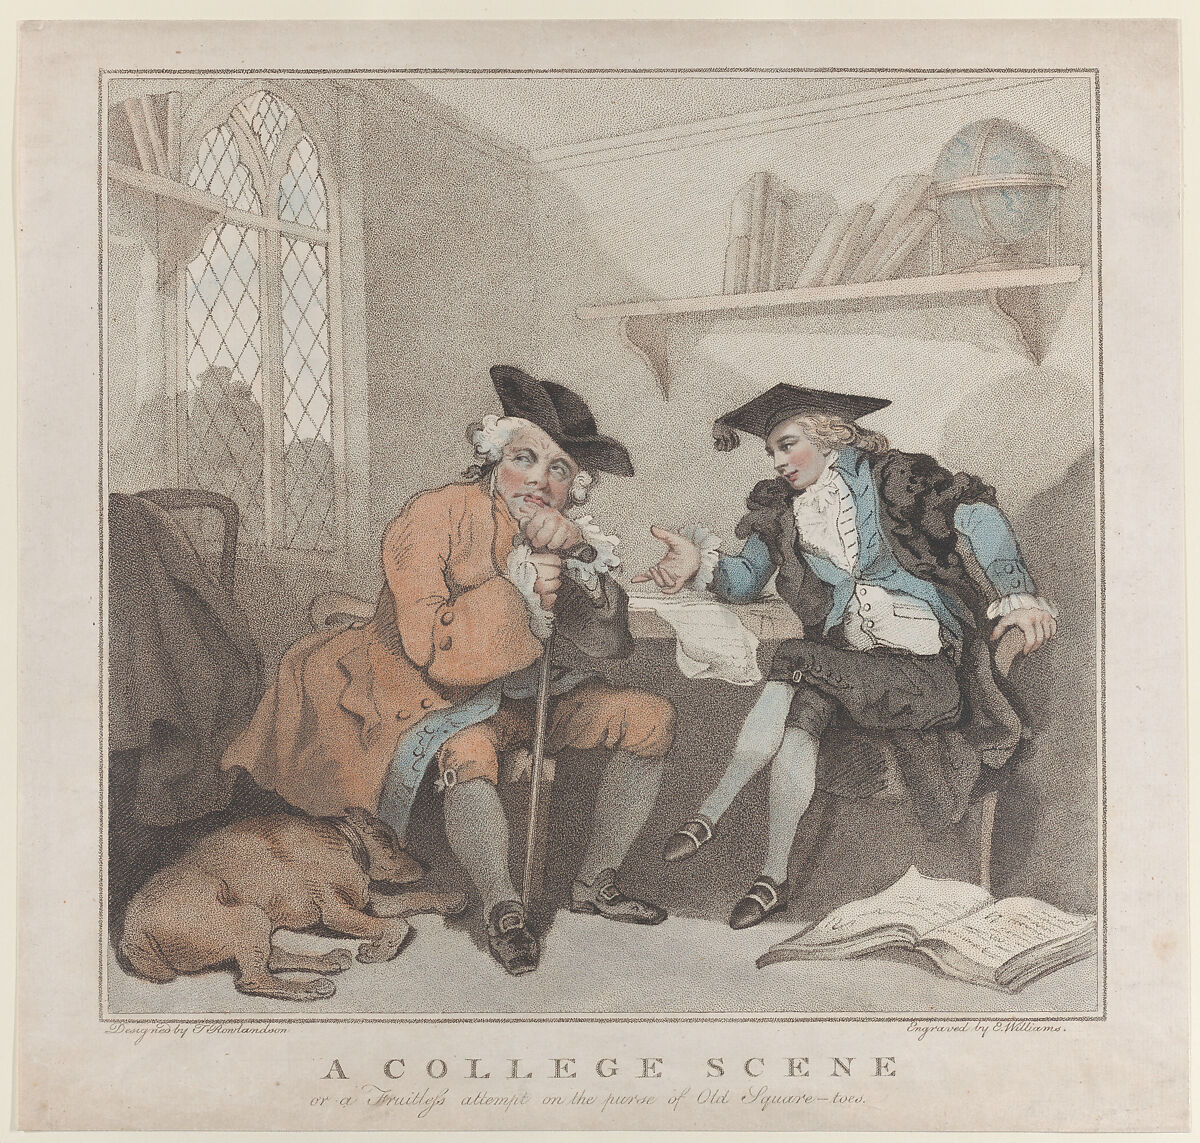 A College Scene, or a Fruitless Attempt on the Purse of Old Square-toes, Edward Williams the Elder (British, active London, ca. 1786), Hand-colored etching with stipple and softground 
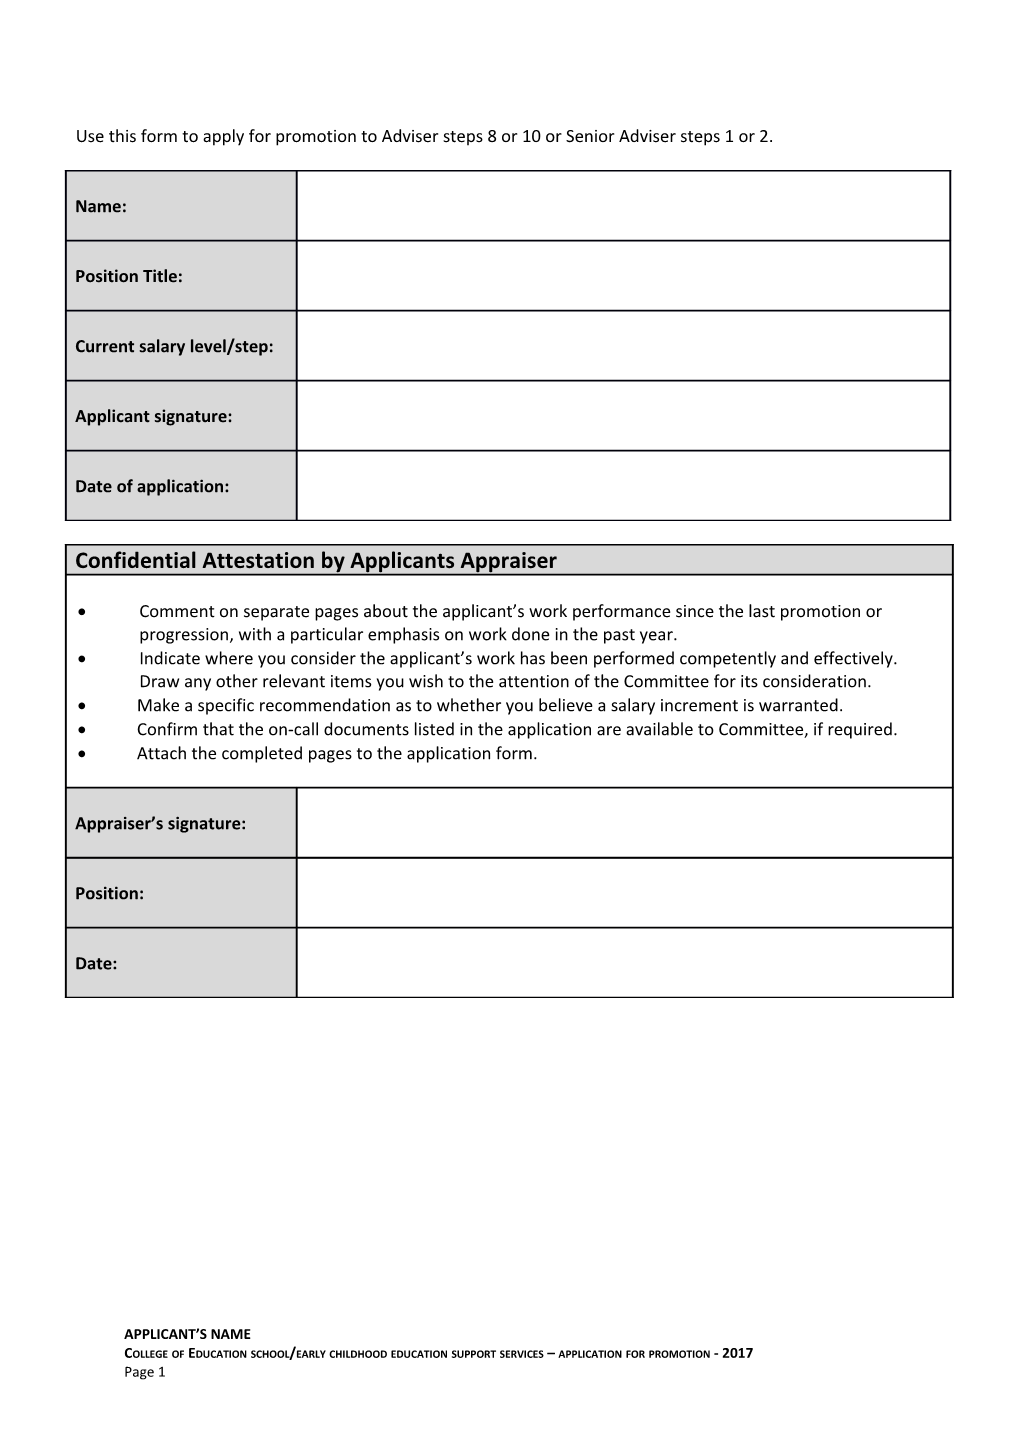 Use This Form to Apply for Promotion to Adviser Steps 8 Or 10 Or Senior Adviser Steps 1 Or 2
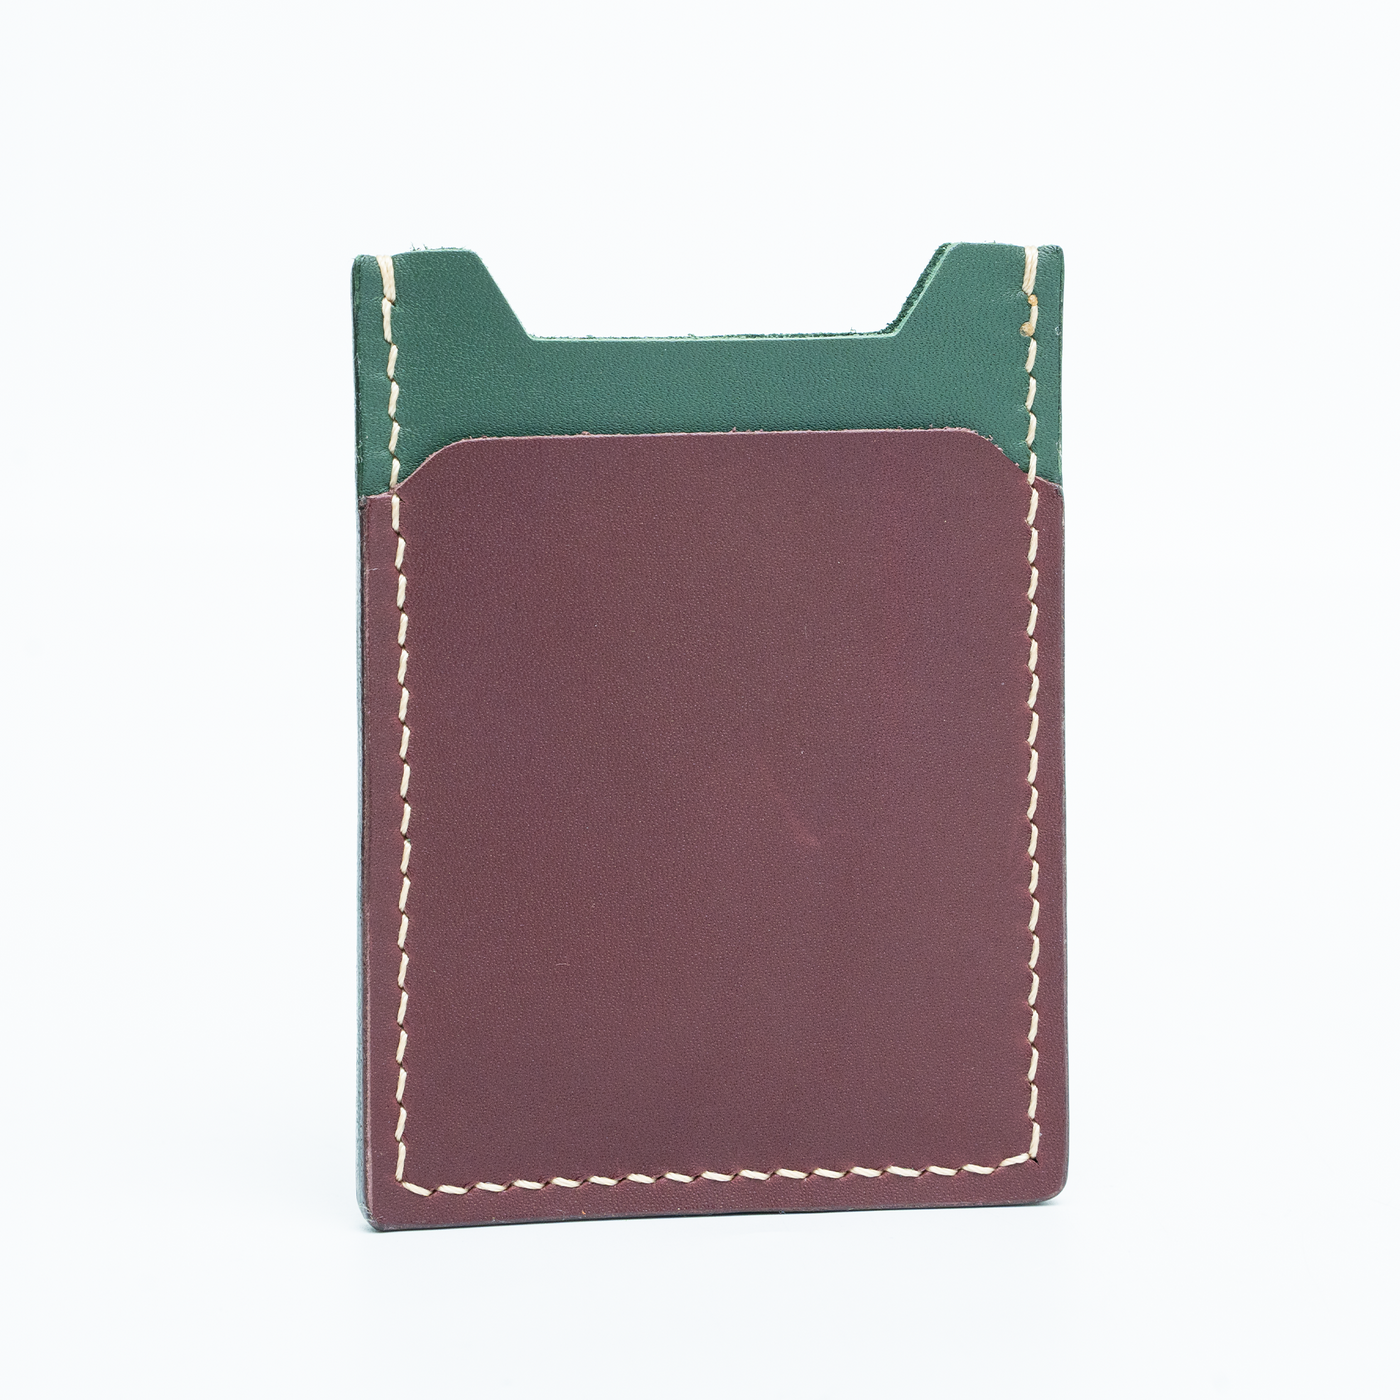 Sleek Elegance: Elevate Your Essentials with Our Stylish Card Holder!
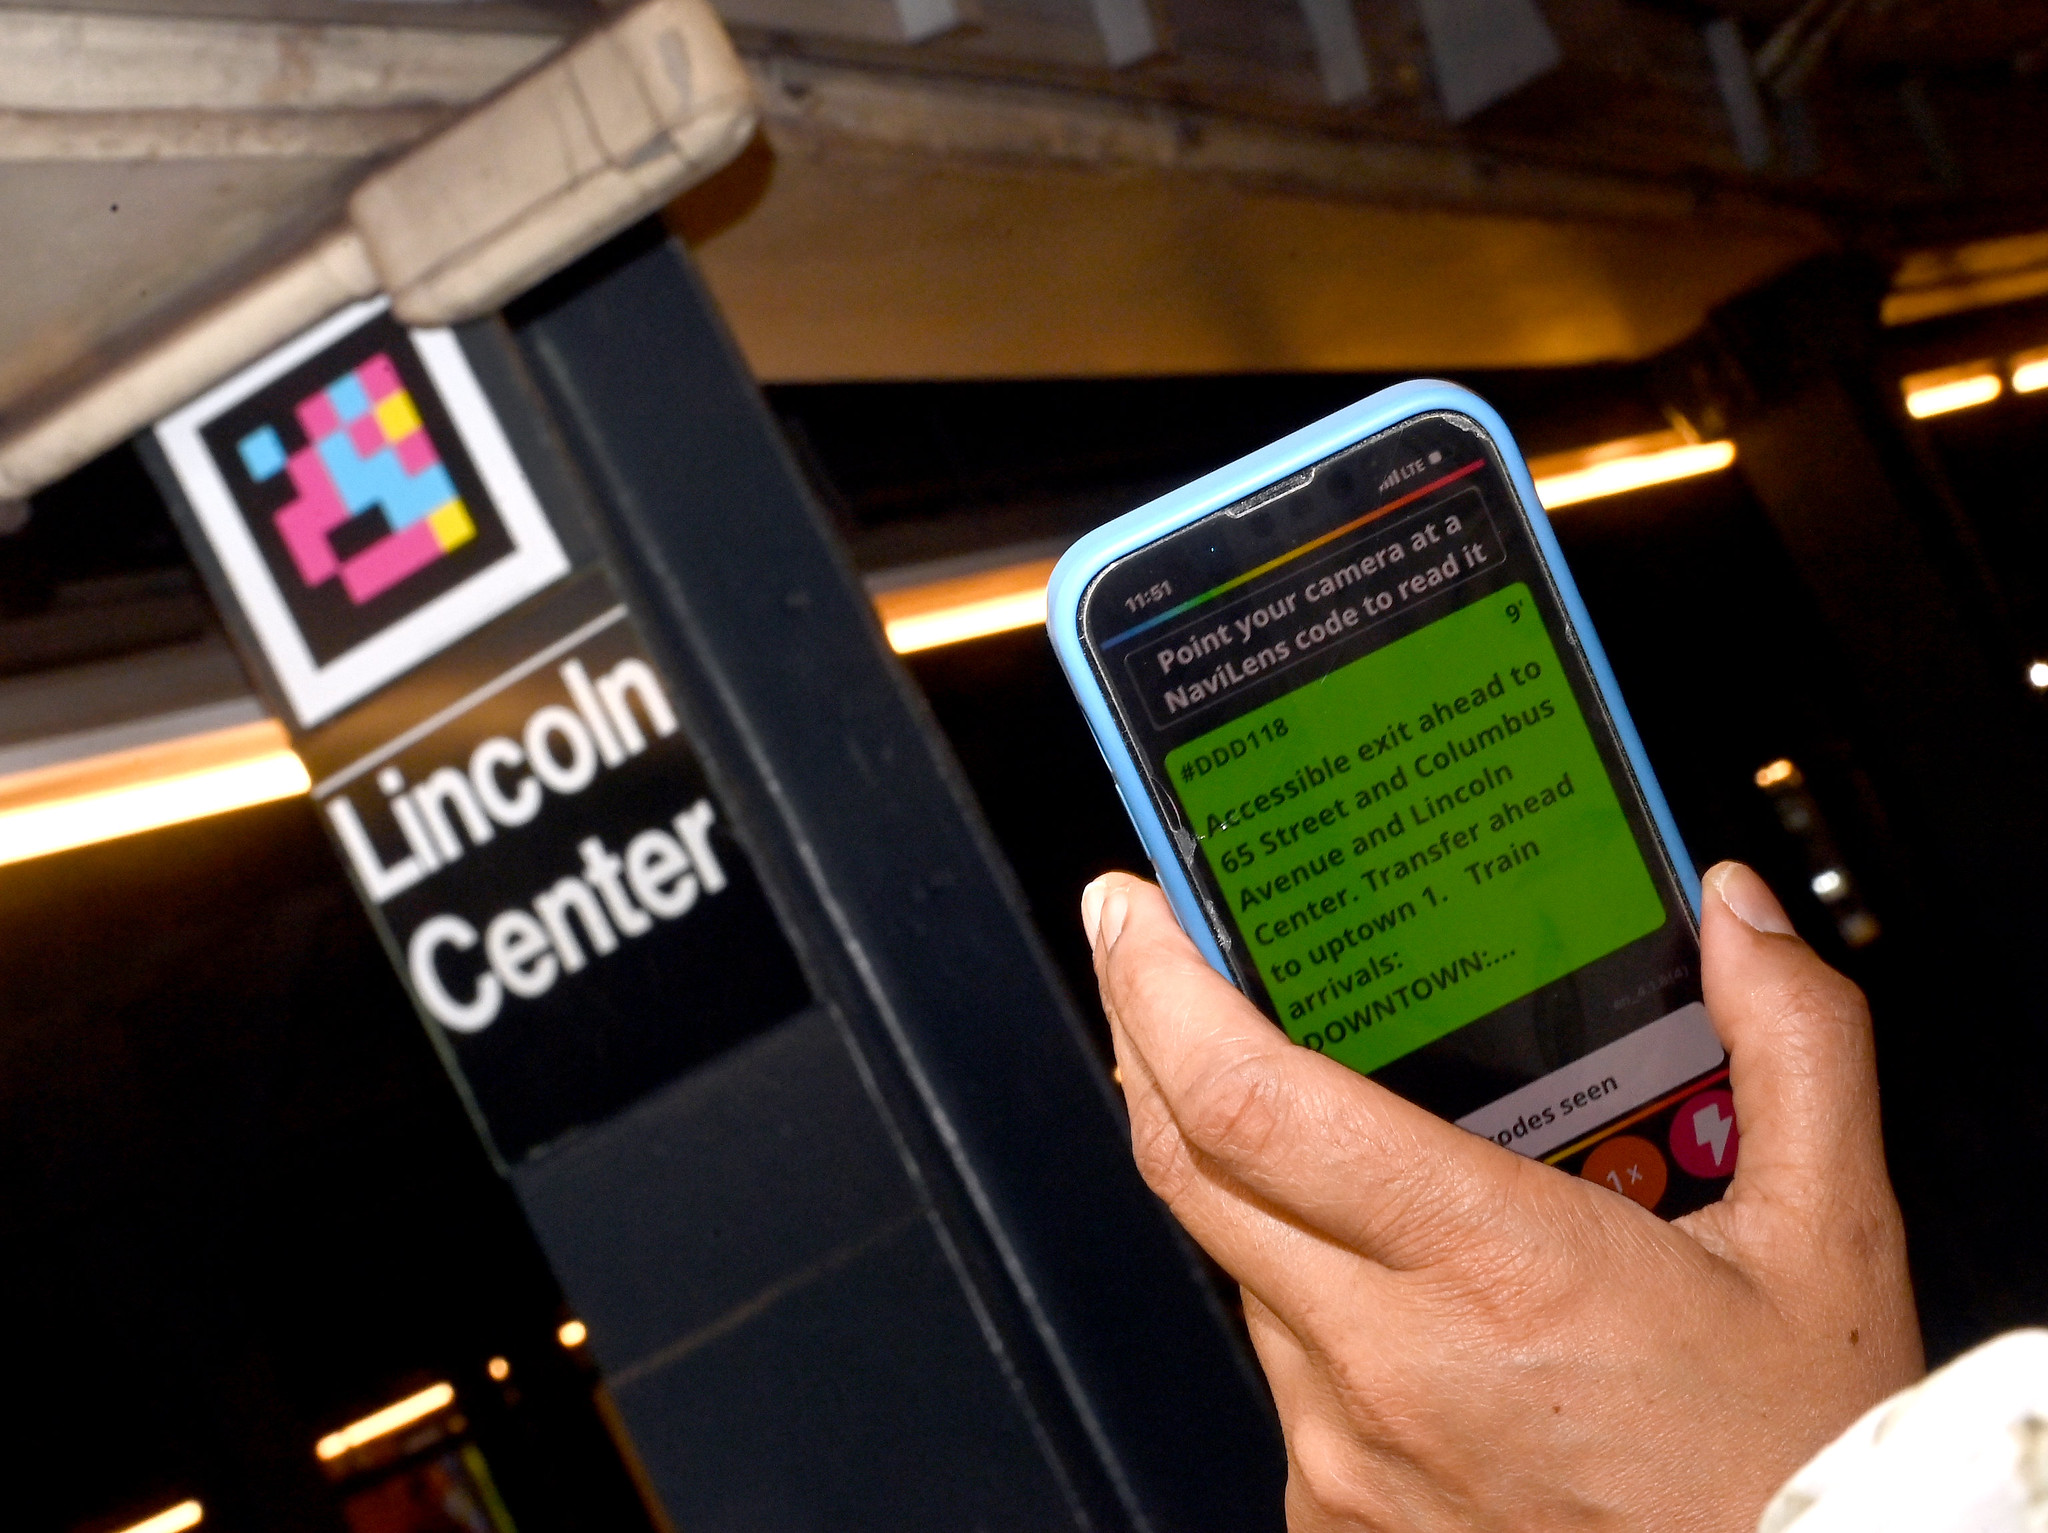 Phone in a hand pointed towards a NaviLens code in the background above a sign that says "Lincoln Center." The phone screen shows NaviLens information.
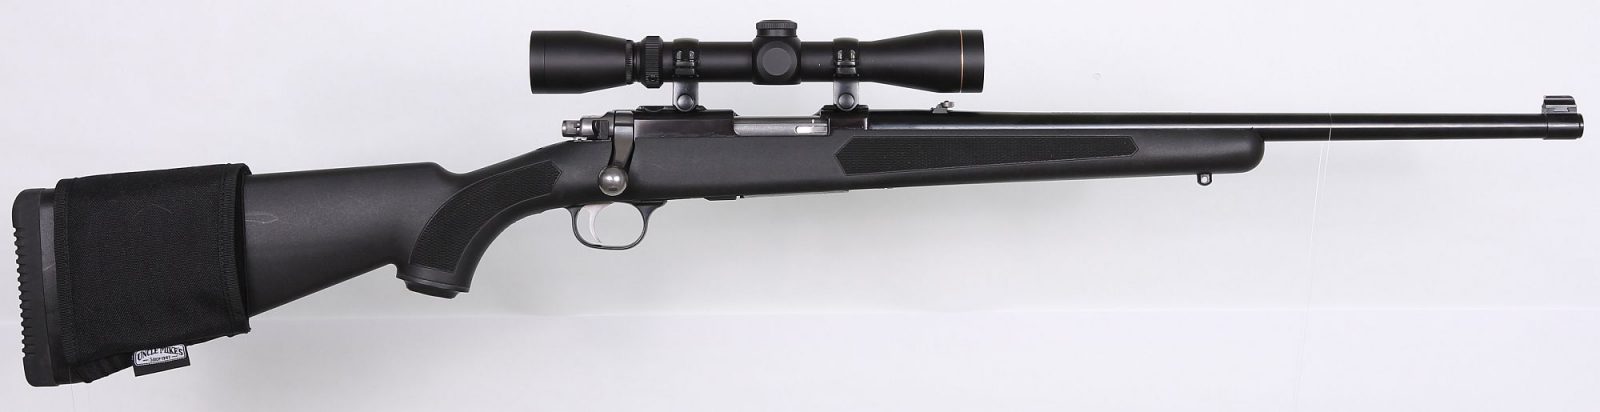 Ruger 77/44 Review.

About this task.
What you return must match the records letter for letter, except that the pictures stay out.

Answer box.
 A College Scene, or a Fruitless Attempt on the Purse of Old Square-toes, Edward Williams the Elder (British, active London, ca. 1786), Hand-colored etching with stipple and softground 
 Use This Form to Apply for Promotion to Adviser Steps 8 Or 10 Or Senior Adviser Steps 1 Or 2
 Sleek Elegance: Elevate Your Essentials with Our Stylish Card Holder!
 Phone in a hand pointed towards a NaviLens code in the background above a sign that says "Lincoln Center." The phone screen shows NaviLens information.
 Ruger 77/44 Review.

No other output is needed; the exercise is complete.